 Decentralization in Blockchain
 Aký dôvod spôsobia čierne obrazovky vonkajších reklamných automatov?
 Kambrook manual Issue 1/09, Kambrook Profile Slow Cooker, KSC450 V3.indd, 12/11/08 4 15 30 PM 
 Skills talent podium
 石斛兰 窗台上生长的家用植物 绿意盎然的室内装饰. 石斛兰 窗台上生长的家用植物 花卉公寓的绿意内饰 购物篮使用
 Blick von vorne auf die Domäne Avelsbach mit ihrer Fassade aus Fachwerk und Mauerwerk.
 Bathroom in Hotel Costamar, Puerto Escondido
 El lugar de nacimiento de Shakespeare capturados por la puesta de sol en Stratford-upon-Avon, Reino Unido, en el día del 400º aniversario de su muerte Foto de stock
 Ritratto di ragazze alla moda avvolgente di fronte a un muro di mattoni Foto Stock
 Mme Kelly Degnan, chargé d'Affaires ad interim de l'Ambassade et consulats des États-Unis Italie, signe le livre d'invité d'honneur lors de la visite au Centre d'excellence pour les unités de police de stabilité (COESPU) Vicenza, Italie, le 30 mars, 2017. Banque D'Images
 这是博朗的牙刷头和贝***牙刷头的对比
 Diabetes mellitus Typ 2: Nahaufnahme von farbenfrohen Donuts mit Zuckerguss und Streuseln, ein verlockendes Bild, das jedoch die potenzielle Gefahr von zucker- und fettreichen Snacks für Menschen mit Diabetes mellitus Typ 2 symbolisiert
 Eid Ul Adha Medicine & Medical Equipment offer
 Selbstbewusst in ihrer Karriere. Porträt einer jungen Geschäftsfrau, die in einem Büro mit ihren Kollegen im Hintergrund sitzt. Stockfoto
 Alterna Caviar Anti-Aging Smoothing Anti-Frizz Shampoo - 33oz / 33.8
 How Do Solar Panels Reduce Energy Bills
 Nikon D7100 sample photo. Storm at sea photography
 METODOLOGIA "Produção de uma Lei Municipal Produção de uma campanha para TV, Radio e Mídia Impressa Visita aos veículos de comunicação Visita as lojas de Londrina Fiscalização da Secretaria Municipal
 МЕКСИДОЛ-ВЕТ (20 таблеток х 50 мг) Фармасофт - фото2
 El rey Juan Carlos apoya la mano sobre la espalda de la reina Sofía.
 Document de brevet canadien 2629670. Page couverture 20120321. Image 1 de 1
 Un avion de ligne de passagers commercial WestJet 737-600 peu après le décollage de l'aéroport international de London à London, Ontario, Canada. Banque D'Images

- - -

◆ Brief
In the listing above, take the line containing "Bathroom in Hotel Costamar, Puerto Escondido" as the start and write out every line through the last one exactly, with nothing added.

◆ Exercise result
 Bathroom in Hotel Costamar, Puerto Escondido
 El lugar de nacimiento de Shakespeare capturados por la puesta de sol en Stratford-upon-Avon, Reino Unido, en el día del 400º aniversario de su muerte Foto de stock
 Ritratto di ragazze alla moda avvolgente di fronte a un muro di mattoni Foto Stock
 Mme Kelly Degnan, chargé d'Affaires ad interim de l'Ambassade et consulats des États-Unis Italie, signe le livre d'invité d'honneur lors de la visite au Centre d'excellence pour les unités de police de stabilité (COESPU) Vicenza, Italie, le 30 mars, 2017. Banque D'Images
 这是博朗的牙刷头和贝***牙刷头的对比
 Diabetes mellitus Typ 2: Nahaufnahme von farbenfrohen Donuts mit Zuckerguss und Streuseln, ein verlockendes Bild, das jedoch die potenzielle Gefahr von zucker- und fettreichen Snacks für Menschen mit Diabetes mellitus Typ 2 symbolisiert
 Eid Ul Adha Medicine & Medical Equipment offer
 Selbstbewusst in ihrer Karriere. Porträt einer jungen Geschäftsfrau, die in einem Büro mit ihren Kollegen im Hintergrund sitzt. Stockfoto
 Alterna Caviar Anti-Aging Smoothing Anti-Frizz Shampoo - 33oz / 33.8
 How Do Solar Panels Reduce Energy Bills
 Nikon D7100 sample photo. Storm at sea photography
 METODOLOGIA "Produção de uma Lei Municipal Produção de uma campanha para TV, Radio e Mídia Impressa Visita aos veículos de comunicação Visita as lojas de Londrina Fiscalização da Secretaria Municipal
 МЕКСИДОЛ-ВЕТ (20 таблеток х 50 мг) Фармасофт - фото2
 El rey Juan Carlos apoya la mano sobre la espalda de la reina Sofía.
 Document de brevet canadien 2629670. Page couverture 20120321. Image 1 de 1
 Un avion de ligne de passagers commercial WestJet 737-600 peu après le décollage de l'aéroport international de London à London, Ontario, Canada. Banque D'Images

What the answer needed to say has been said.